How Does Java Store Strings and How Does Substring Work Internally

How does Java store Strings and how does substring work internally?

See the comments:

    String str = "abcd";  // new String LITERAL which is interned in the pool
String str1 = new String("abcd"); // new String, not interned: str1 != str
String str2 = str.substring(0,2); // new String which is a view on str
String str3 = str.substring(0,2); // same: str3 != str2
String str7 = str1.substring(0,str1.length()); // special case: str1 is returned

Notes:

  • Since Java 7u6, substring returns a new string instead of a view on the original string (but that does not make a difference for that example)
  • Special case when you call str1.substring(0,str1.length()); - see code:

    public String substring(int beginIndex, int endIndex) {
    //some exception checking then
    return ((beginIndex == 0) && (endIndex == value.length)) ? this
    : new String(value, beginIndex, subLen);
    }

EDIT

What is a view?

Until Java 7u6, a String is basically a char[] that contains the characters of the string with an offset and a count (i.e. the string is composed of count characters starting from the offset position in the char[]).

When calling substring, a new string is created with the same char[] but a different offset / count, to effectively create a view on the original string. (Except when count = length and offset = 0 as explained above).

Since java 7u6, a new char[] is created every time, because there is no more count or offset field in the string class.

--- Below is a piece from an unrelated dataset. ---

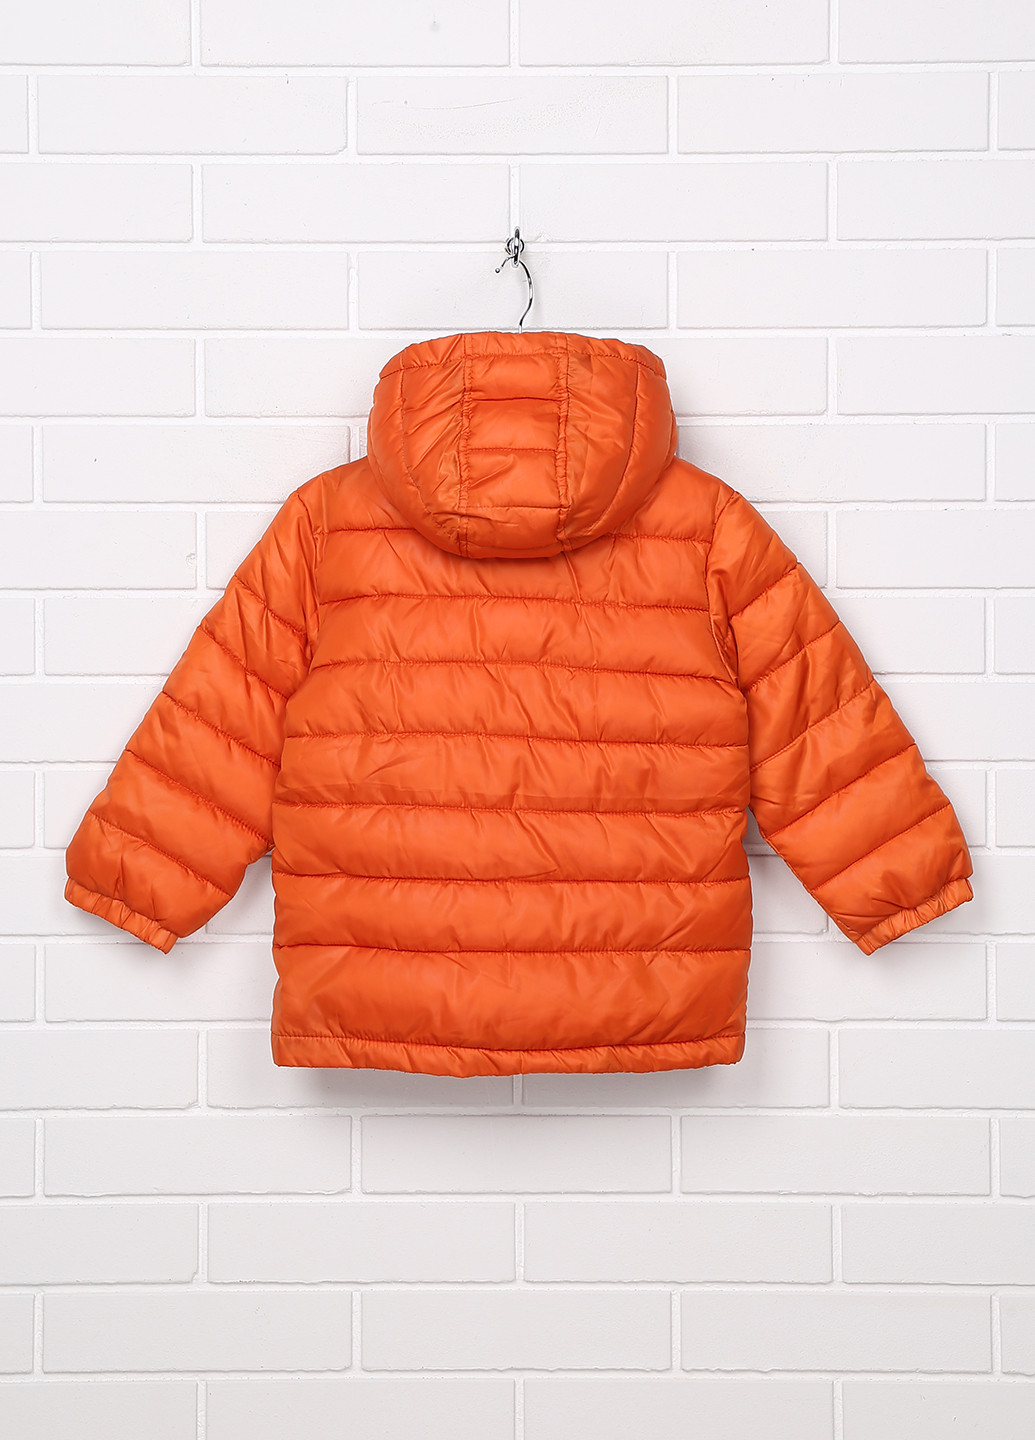 Оранжевая демисезонная куртка Crazy 8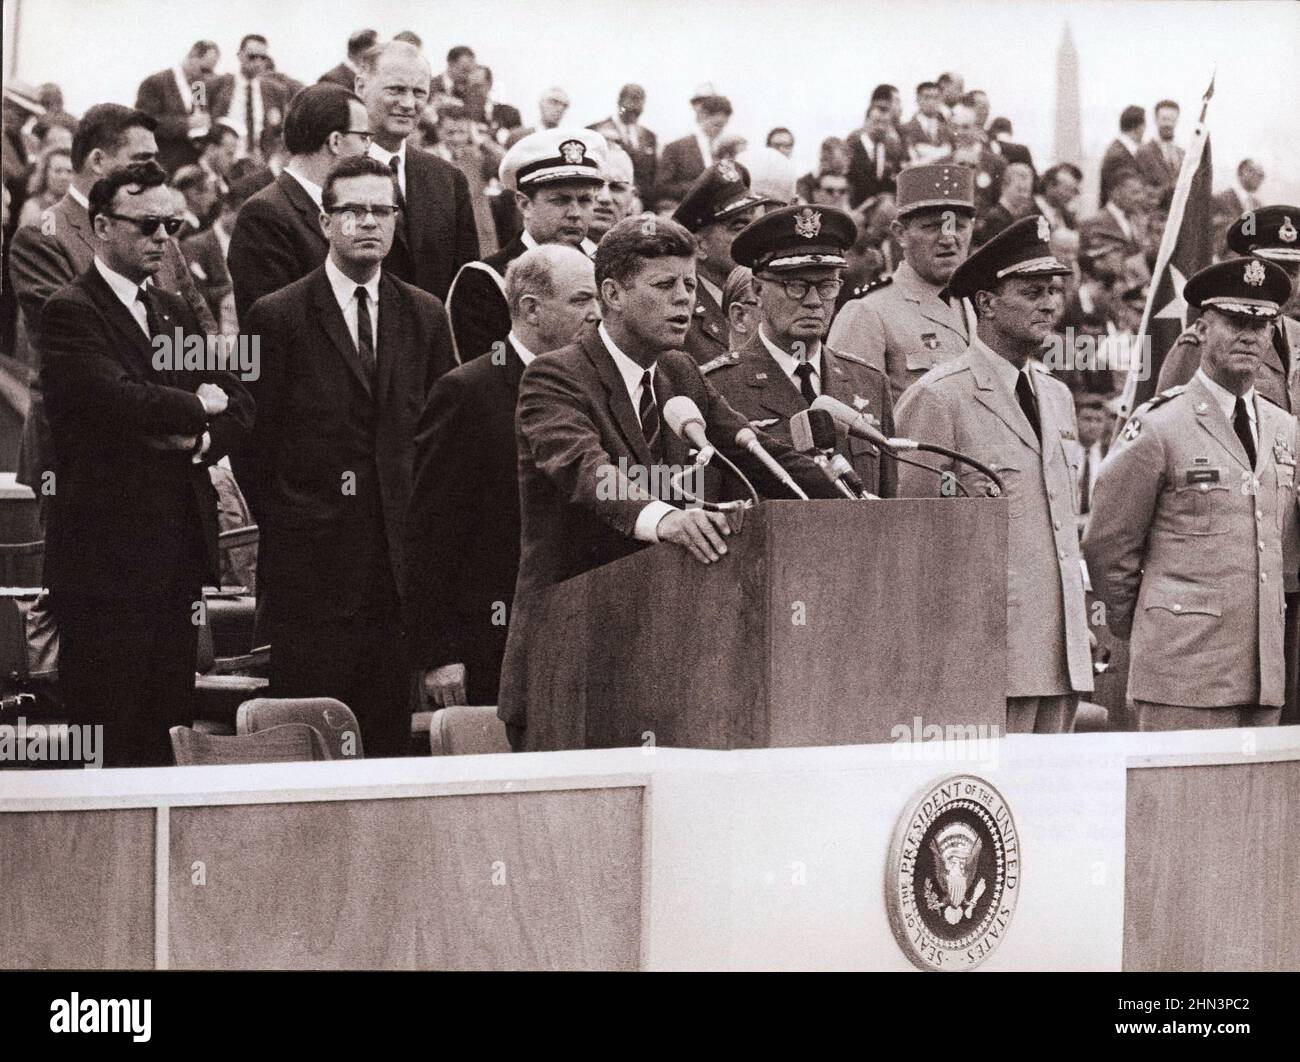 Vintage-Foto der Berliner Krise von 1961: Mauerbau. Präsident Kennedy in Deutschland. Frankfurt, 25. Juni 1963 - Präsident Kennedy besuchte heute den Th Stockfoto

Where is the common pool stored exactly?

This is implementation specific. The location of the pool has actually moved in recent versions. In more recent versions, it is stored on the heap.

How is the pool managed?

Main characteristics:

  • String literals are stored in the pool
  • Interned strings are stored in the pool (new String("abc").intern();)
  • When a string S is interned (because it is a literal or because intern() is called), the JVM will return a reference to a string in the pool if there is one that is equals to S (hence "abc" == "abc" should always return true).
  • Strings in the pool can be garbage collected (meaning that an interned string might be removed from the pool at some stage if it becomes full)

how the subString() function of string class works

I know that line 2 will still point to "Monday" and have a new String object with the offset and count set to 0,3.

That is currently true of the Sun JRE implementation. I seem to recall that was not true of the Sun implementation in the past, and is not true of other implementations of the JVM. Do not rely on behaviour which is not specified. GNU classpath might copy the array (I can't remember off hand what ratio is uses to decide when to copy, but it does copy if the copy is a small enough fraction of the original, which turned one nice O(N) algorithm to O(N^2)).

The line 4 will create a new String "Mon" in string pool and point to it.

No, it creates a new string object in the heap, subject to the same garbage collection rules as any other object. Whether or not it shares the same underlying character array is implementation dependant. Do not rely on behaviour which is not specified.

The String(String) constructor says:

Initializes a newly created String object so that it represents the same sequence of characters as the argument; in other words, the newly created string is a copy of the argument string.

The String(char[]) constructor says:

Allocates a new String so that it represents the sequence of characters currently contained in the character array argument. The contents of the character array are copied; subsequent modification of the character array does not affect the newly created string.

Following good OO principles, no method of String actually requires that it is implemented using a character array, so no part of the specification of String requires operations on an character array. Those operations which take an array as input specify that the contents of the array are copied to whatever internal storage is used in the String. A string could use UTF-8 or LZ compression internally and conform to the API.

However, if your JVM doesn't make the small-ratio sub-string optimisation, then there's a chance that it does copy only the relevant portion when you use new String(String), so it's a case of trying it a seeing if it improves the memory use. Not everything which effects Java runtimes is defined by Java.

To obtain a string in the string pool which is equal to a string, use the intern() method. This will either retrieve a string from the pool if one with the value already has been interned, or create a new string and put it in the pool. Note that pooled strings have different (again implementation dependent) garbage collection behaviour.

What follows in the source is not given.